= The President of the United States, Detective =

Science fiction/mystery story by H. F. Heard

The President of the United States, Detective is a science fiction/mystery short story by H. F. Heard. It was originally published in Ellery Queen's Mystery Magazine in March 1947, and subsequently republished in Ellery Queen's Mystery Magazine in April 1969 and February 1991, in the 1949 anthology The Queen's Awards, and in the 1975 anthology Ellery Queen's The Golden 13; as well, an extended version, named "The Thaw Plan", was published in Heard's 1948 collection The Lost Cavern and Other Stories of the Fantastic.

==Synopsis==

When aerial photography reveals that the Soviet Union is constructing multiple inland harbors, the President of the United States realizes that the Soviets are planning to use nuclear weapons to melt the Arctic ice pack and tundra, thereby causing a sea level rise at the end of which all the new Soviet harbors will be coastal—and all non-Soviet territories will be flooded.
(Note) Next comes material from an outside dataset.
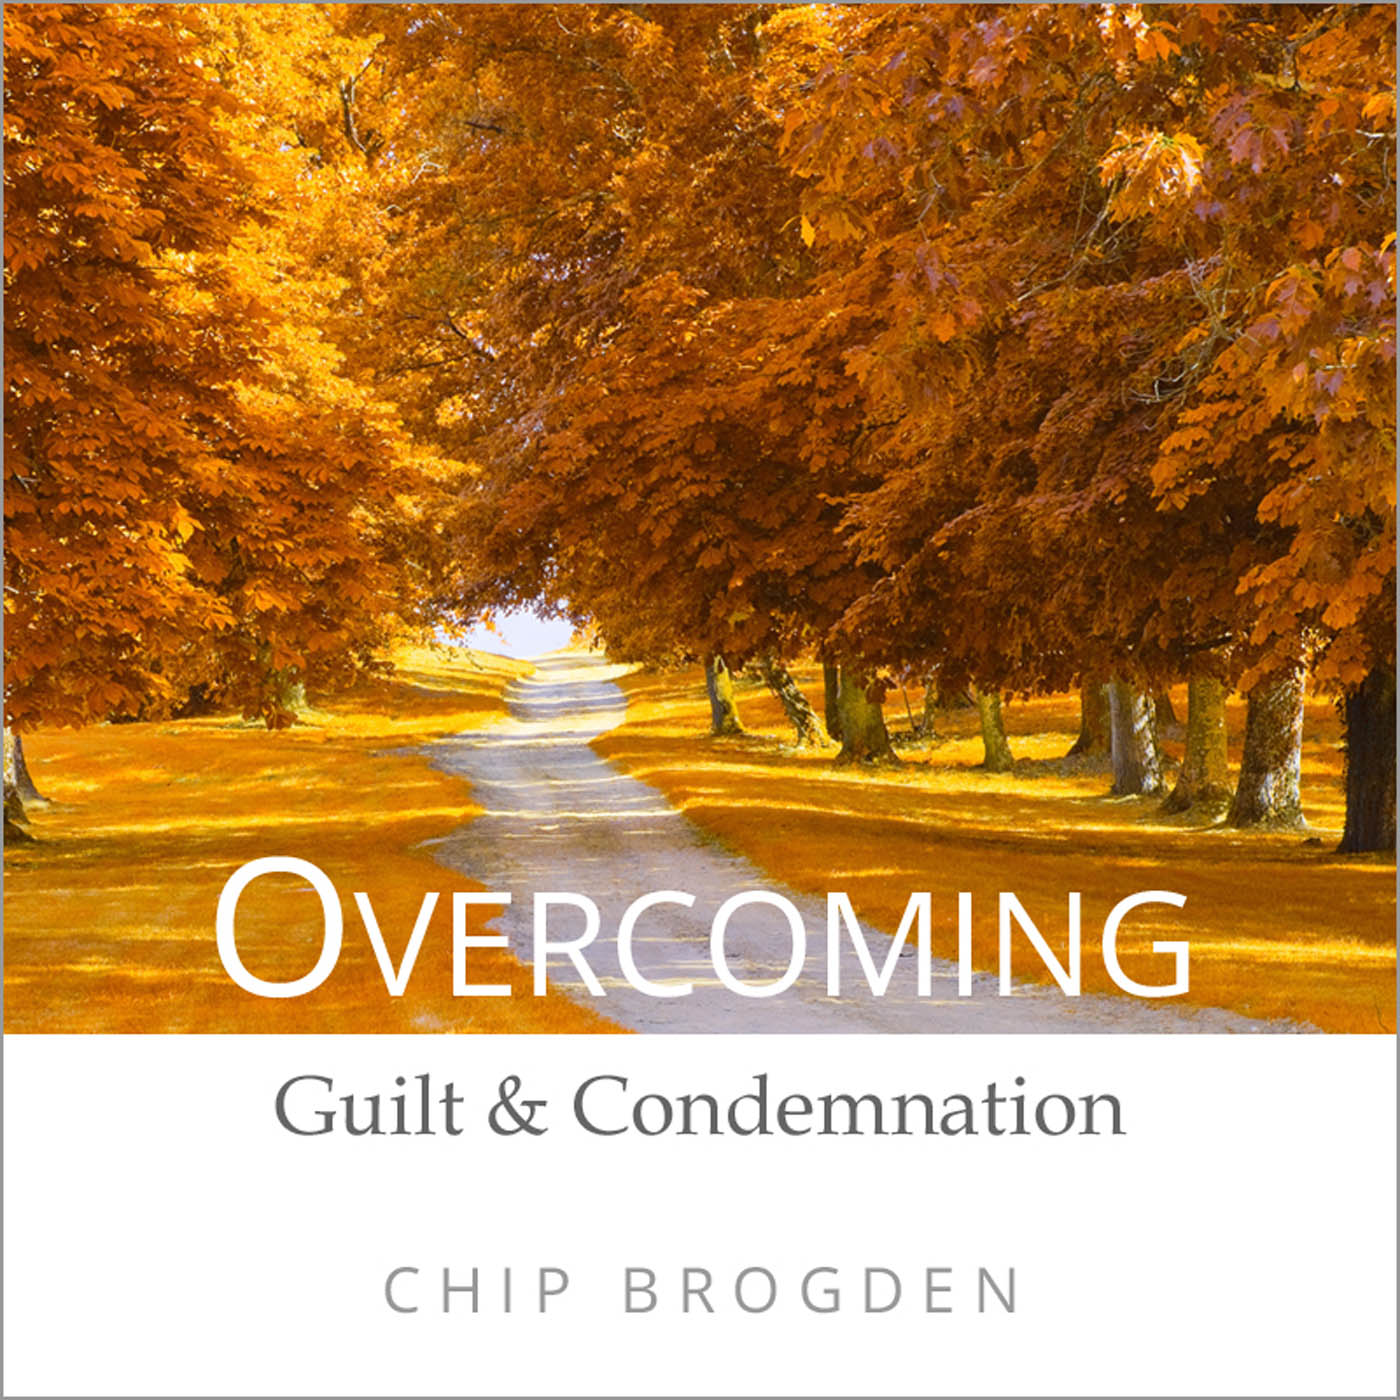 Overcoming Guilt & Condemnation

To counter this, the President orders that Antarctica and Greenland be bombarded with nuclear weapons as well, to remove the ice and enable the Western world to relocate to the now-temperate continents.

==Reception==

"President" won the Ellery Queen's Mystery Magazine annual contest for best short story, an award which came with a $3,000 prize — although Frederic Dannay later admitted that "(a)lmost without exception, readers and critics disapproved of the story". The Glasgow Herald called it a "stand-out" and "stupendous"; however, The Encyclopedia of Science Fiction considers it "eccentric".

The story has been cited as an early example of geoengineering in fiction.